The advantage of this approach resides in the use of common soil and fluid properties such as curve of grain size distribution, porosity or relative density, shape factor of soil grain, unit weight of fluid, dynamic viscosity of fluid, etc.

Acknowledgement

The authors thank the geotechnical institute of Leibniz University Hannover in Germany for the kind collaboration for the permeameter tests.

Highlights

• Permeameter tests were carried out on four granular soils.

• Test results were evaluated, analysed, and compared with the common predictive approaches for vertical hydraulic conductivity.

• Good agreement between results tests and common predictive approaches was shown for poorly graded sand.

• Poor agreement between results tests and common predictive approaches was found for gap graded gravely sand.

• Approaches for determination of vertical hydraulic conductivity were developed based the test results performed and published tests results.

• Results from these new approaches compared well to some common predictive approaches.

List of Symbols

CU Coefficient of uniformity, CU = d60/d10

CC Coefficient of curvature, CC = (d30)2/(d60*d10)

d Grain size (mm)

dx Grain size (mm) such that x% of the solid mass is made of grains finer than dx

Dr Relative density, Dr = (nmaxn)/(nmaxnmin)

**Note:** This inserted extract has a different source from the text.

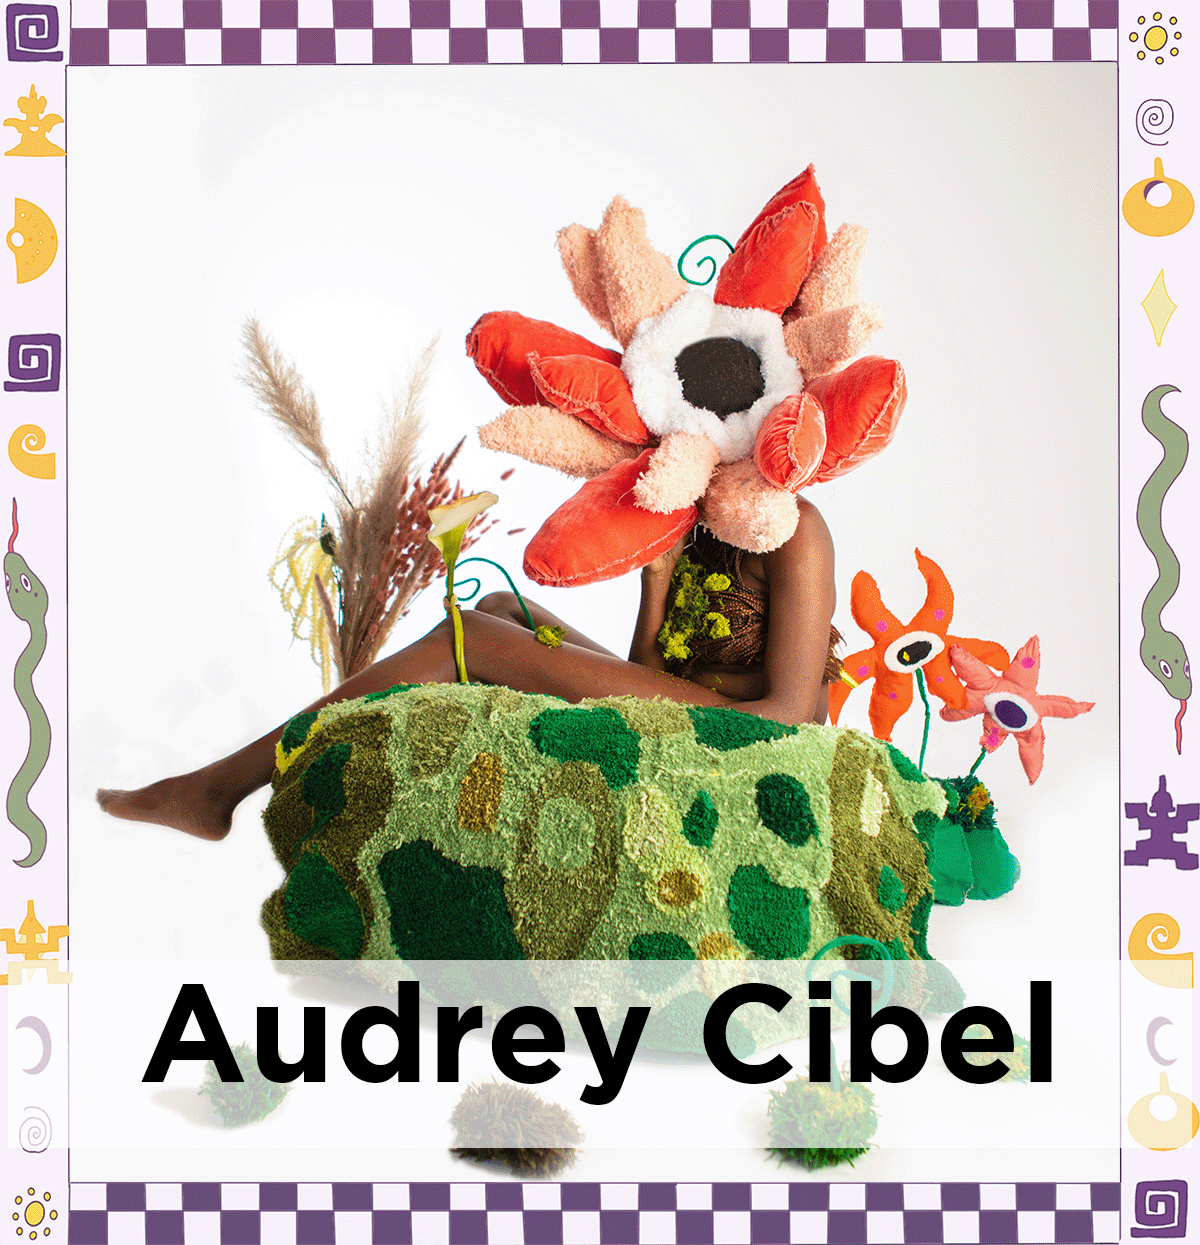 Audrey Cibel

e Void ratio (m3/m3); e = n/(1 − n)

emax, emin Maximum, minimum void ratio (m3/m3)

GSDC Grain size distribution curve

H Hydraulic head (m)

Gs Specific gravity of solids, Gs = ρsw

kv Vertical hydraulic conductivity (m/s)

n Porosity (m3/m3); n = e/(1 + e)

nmax, nmin Maximum, minimum porosity (m3/m3)

RF Roundness factor (number)

Sr Degree of saturation (% or m3/m3)

SS Specific surface (m2/kg)

t Time (s)

T Temperature (degrees Celsius)

w Water content (% or kg/kg)

Greek Letters

γs, γw Specific gravity (kN/m3) of solids, of water

μx Water dynamic viscosity (Pa∙s) at temperature x

μw Water dynamic viscosity (Pa∙s)

γd Dry density (kN/m3)

ρs, ρw Density (kg/m3) of solids, of water

Conflicts of Interest

The authors declare no conflicts of interest regarding the publication of this paper.